*** Data provided ***

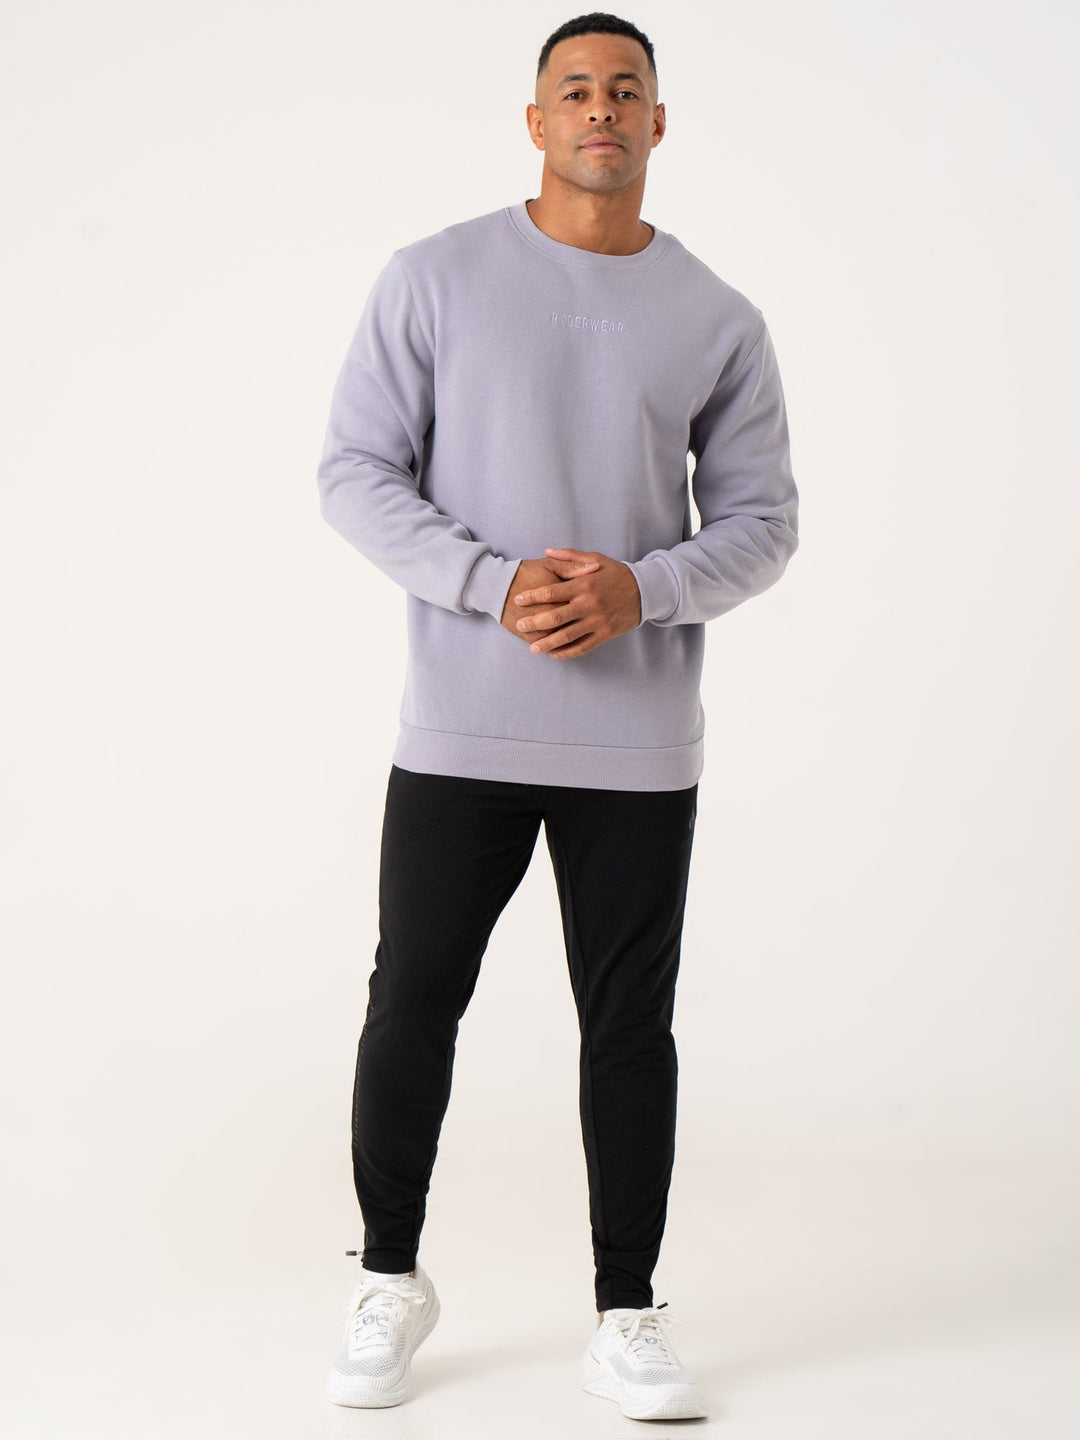 Pursuit Pullover - Lavender Clothing Ryderwear 
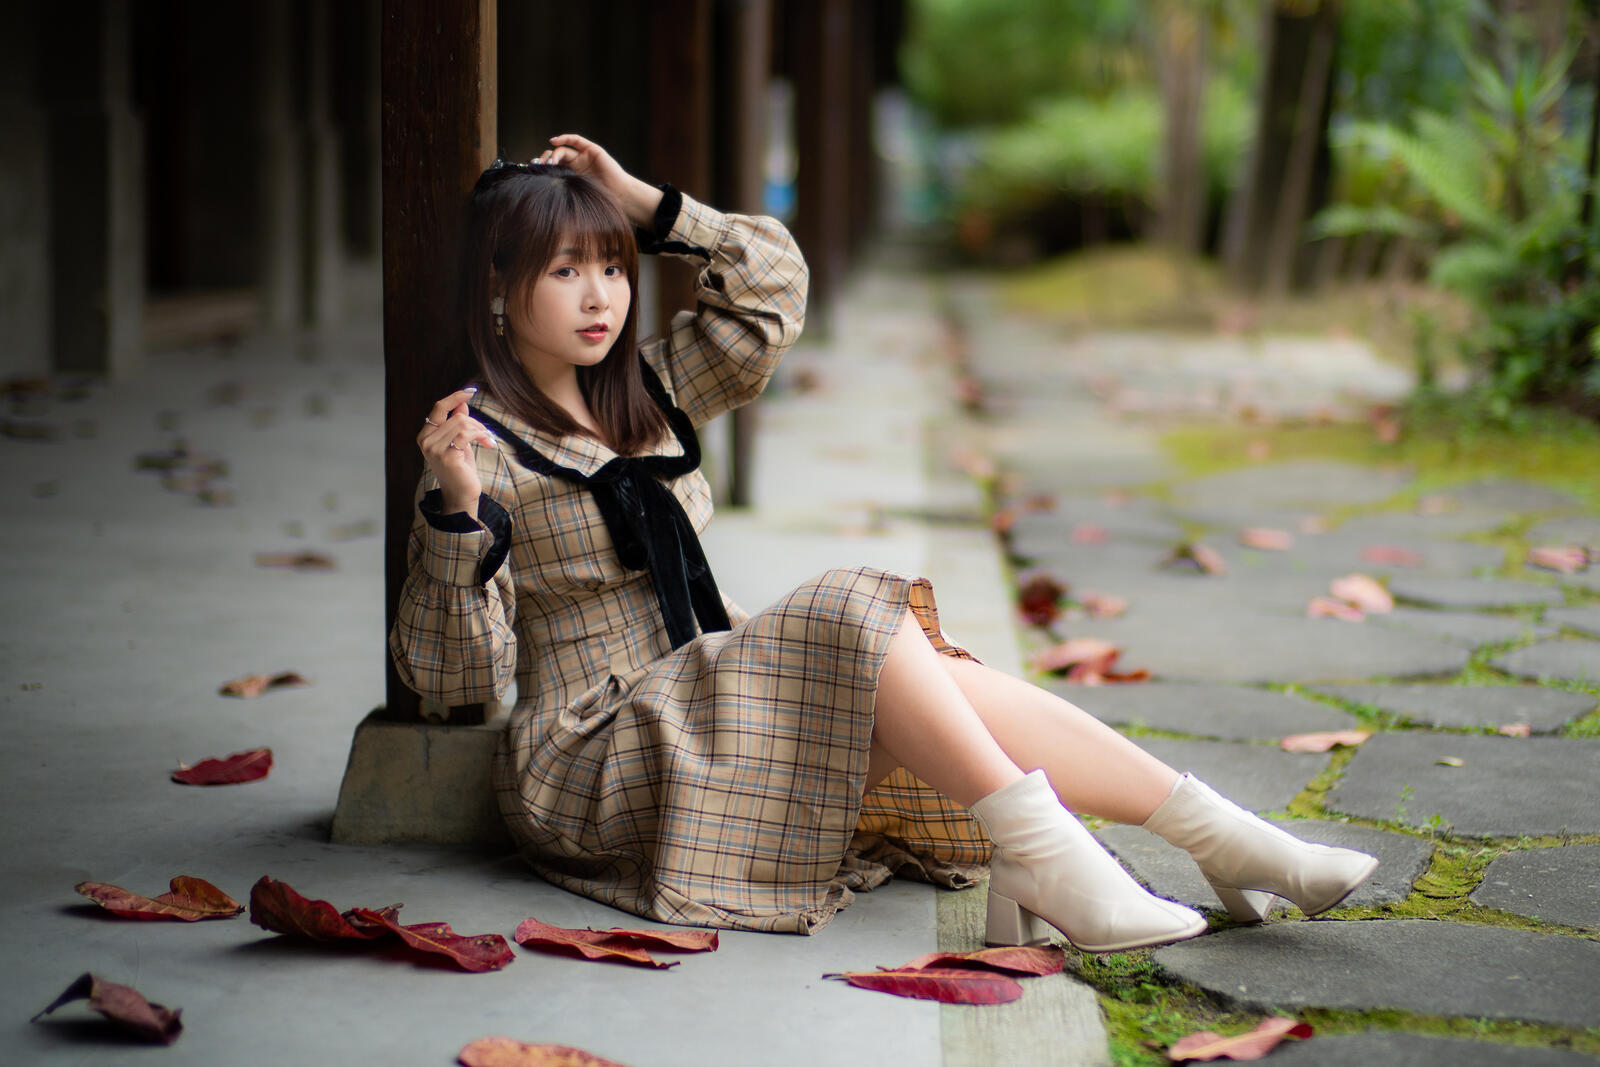 Free photo Asian girl sitting on concrete next to fallen leaves
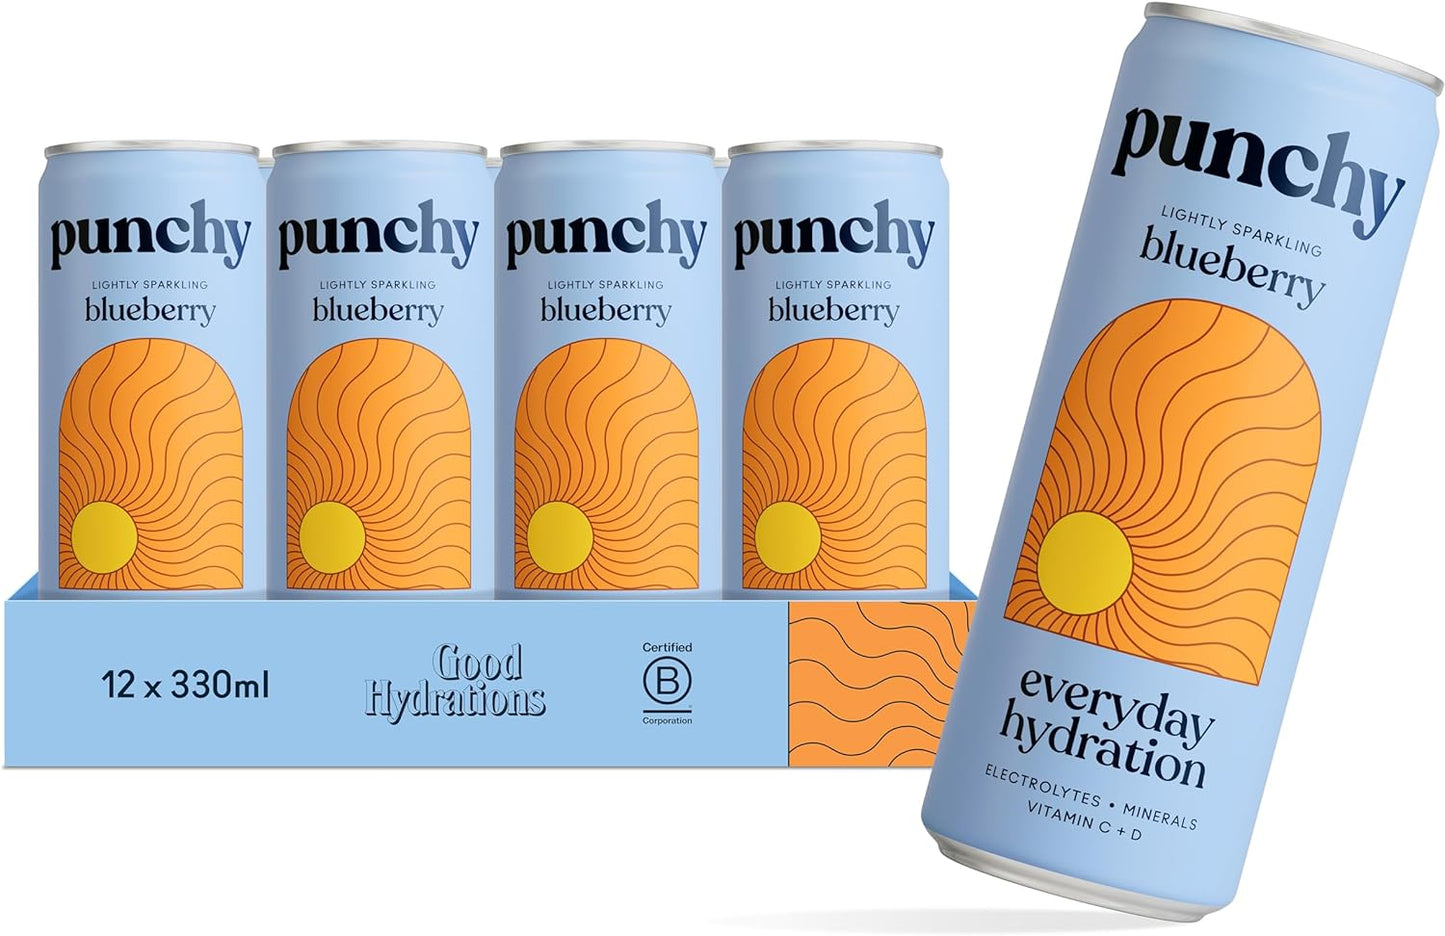 Punchy - Everyday Hydration Blueberry

*** End of Data provided ***

* **Exercise brief**: Print the full listing again exactly, and drop every image from it.

* **Output below**:
 Pursuit Pullover - Lavender Clothing Ryderwear 
 Free photo Asian girl sitting on concrete next to fallen leaves
 Punchy - Everyday Hydration Blueberry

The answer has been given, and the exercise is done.